Repeat word for word the lines from the one containing "Ajujahi 2019. aasta" to the end of the material below, and leave all pictures out.

#### Collected material ####

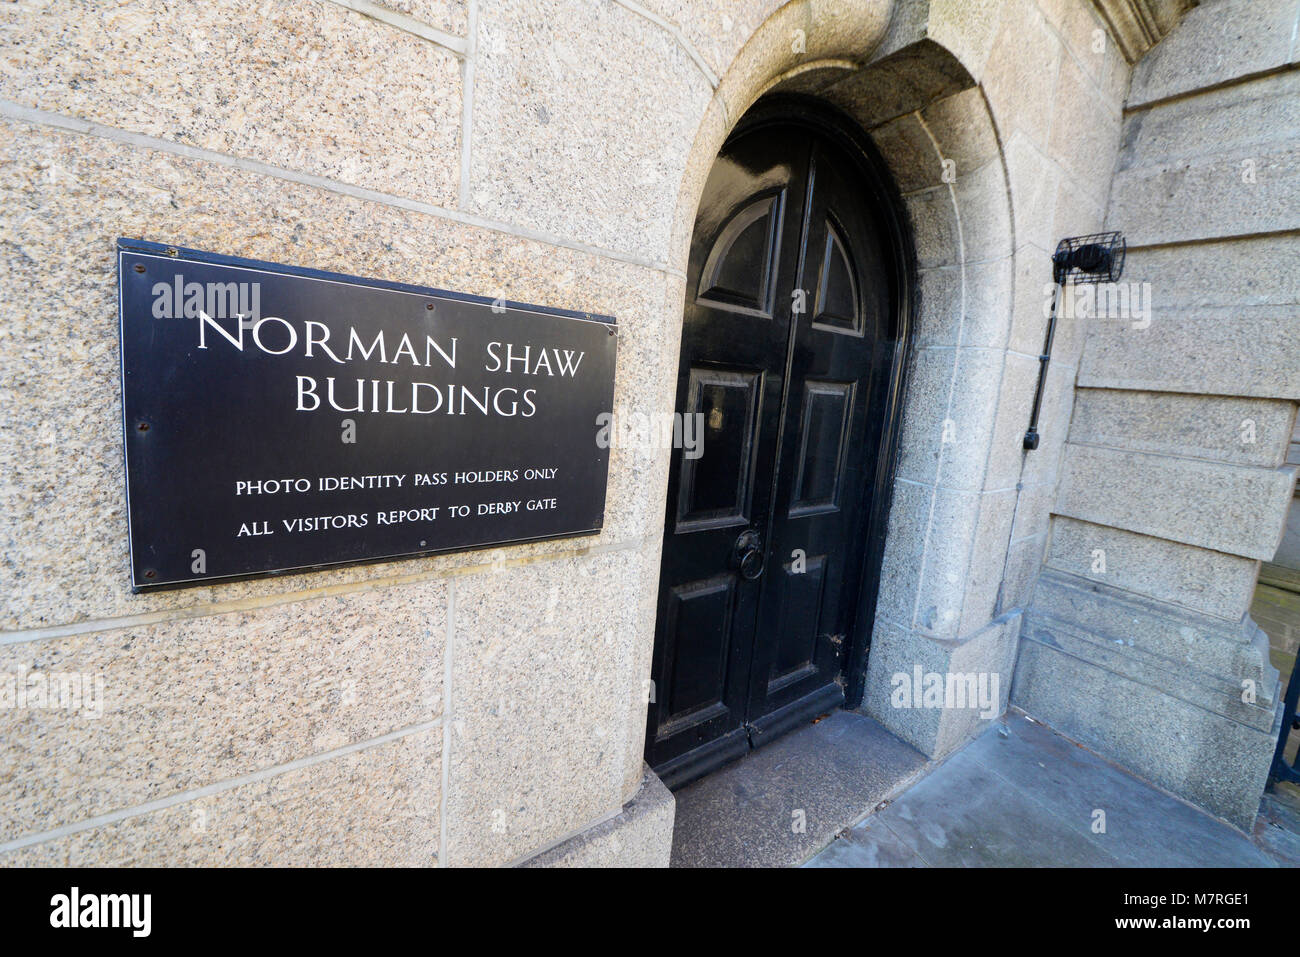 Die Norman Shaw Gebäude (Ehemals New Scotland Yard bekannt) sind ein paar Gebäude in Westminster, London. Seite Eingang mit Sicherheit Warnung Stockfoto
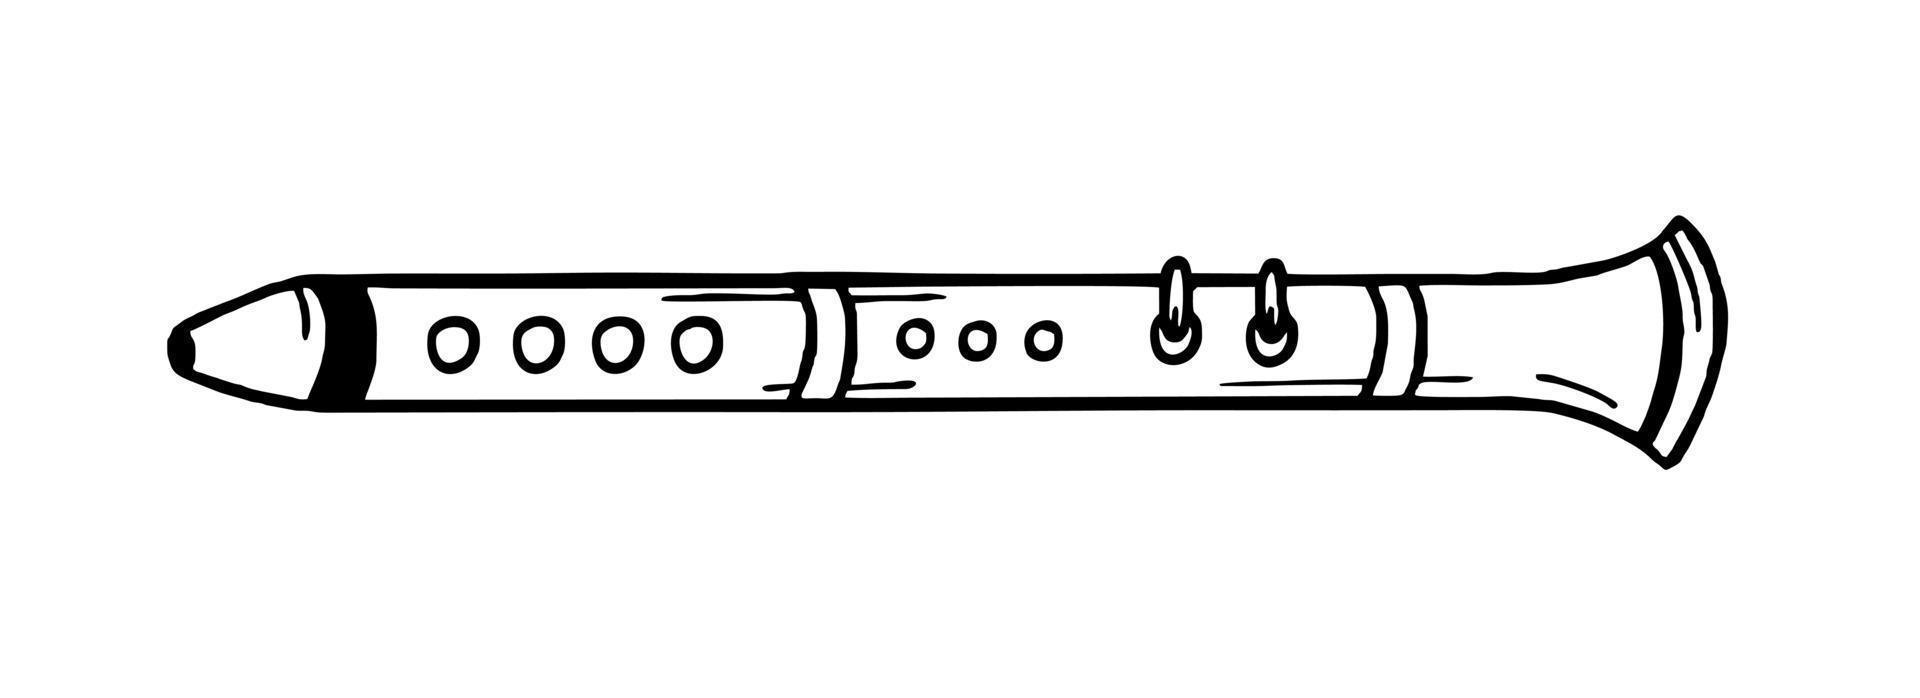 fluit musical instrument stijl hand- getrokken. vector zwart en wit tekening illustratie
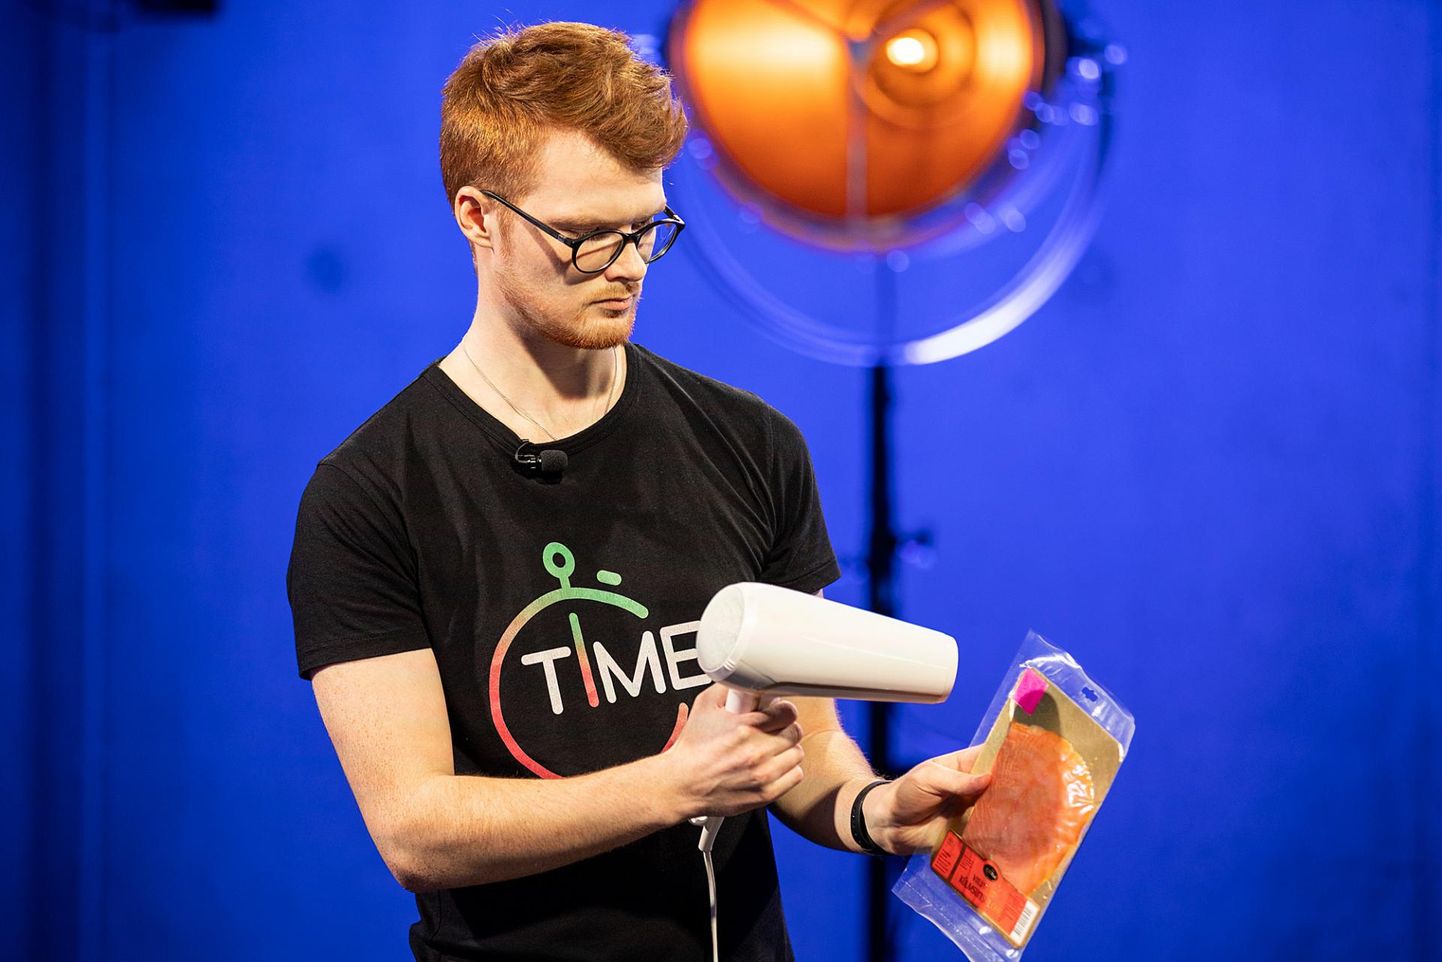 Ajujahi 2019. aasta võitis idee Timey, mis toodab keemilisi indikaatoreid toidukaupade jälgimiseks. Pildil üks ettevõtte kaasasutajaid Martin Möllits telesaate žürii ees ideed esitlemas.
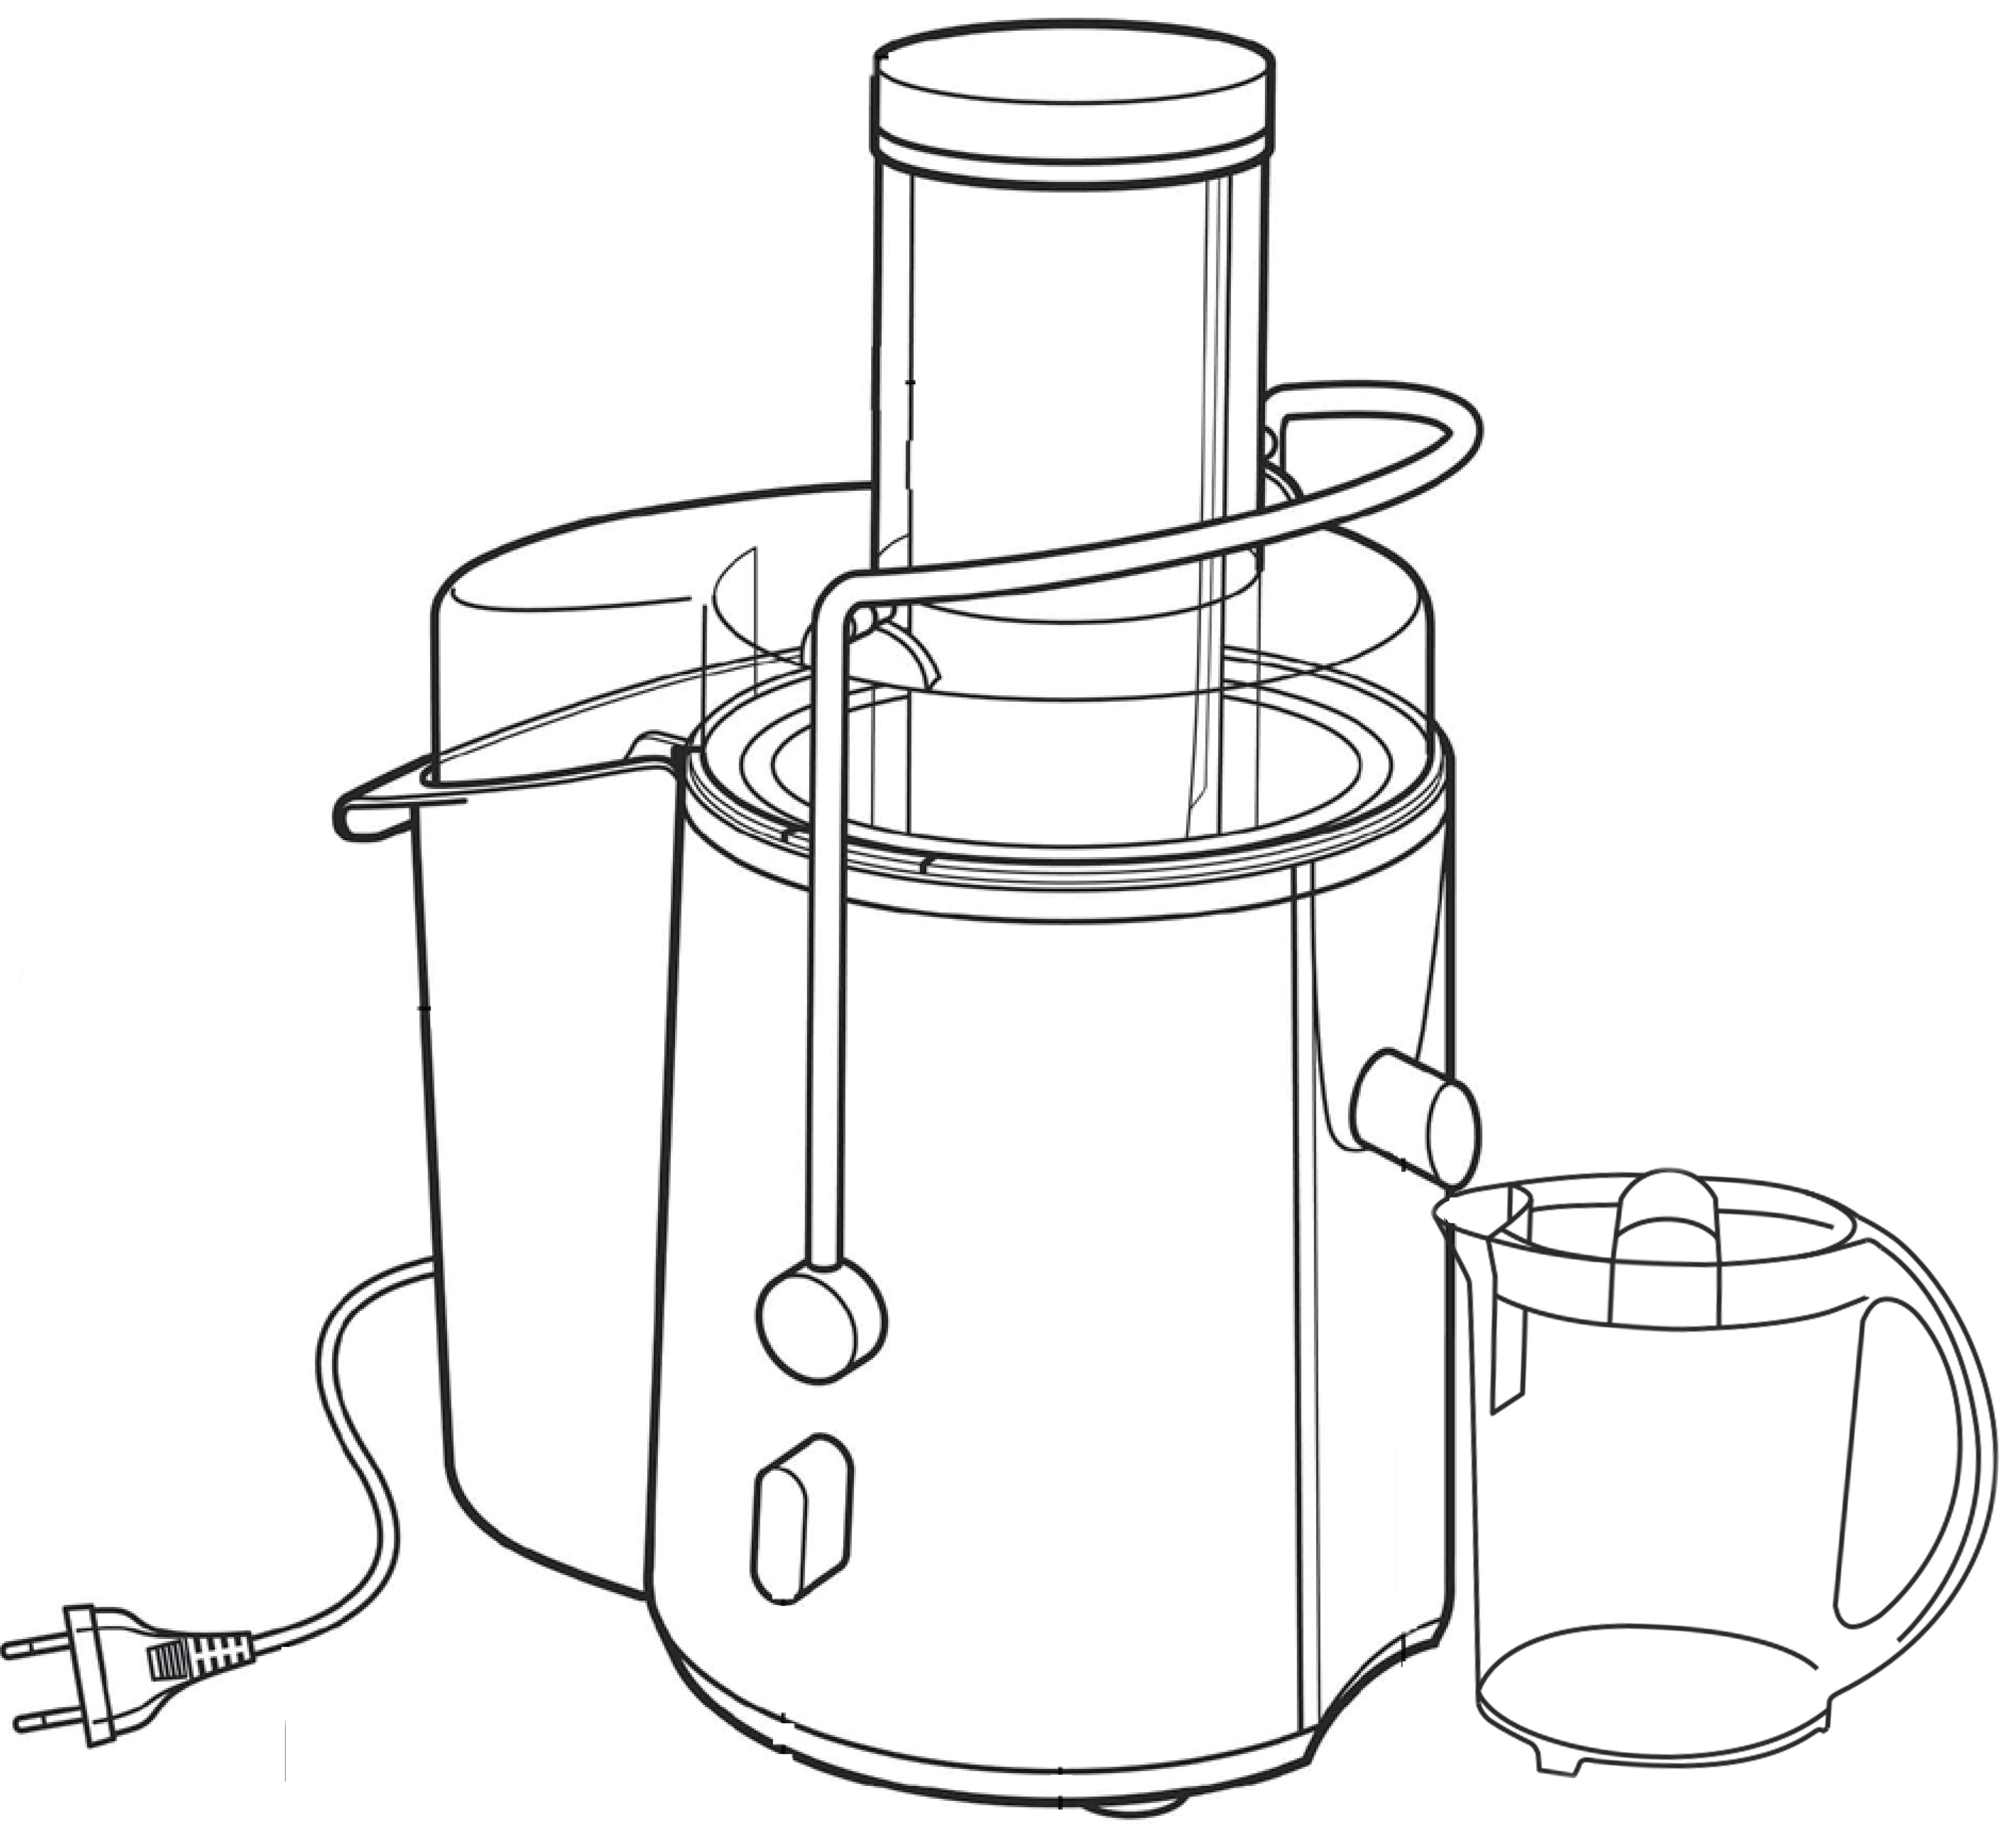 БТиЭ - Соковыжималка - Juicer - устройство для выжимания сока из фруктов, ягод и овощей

####

Response below:
 Ajujahi 2019. aasta võitis idee Timey, mis toodab keemilisi indikaatoreid toidukaupade jälgimiseks. Pildil üks ettevõtte kaasasutajaid Martin Möllits telesaate žürii ees ideed esitlemas.
 БТиЭ - Соковыжималка - Juicer - устройство для выжимания сока из фруктов, ягод и овощей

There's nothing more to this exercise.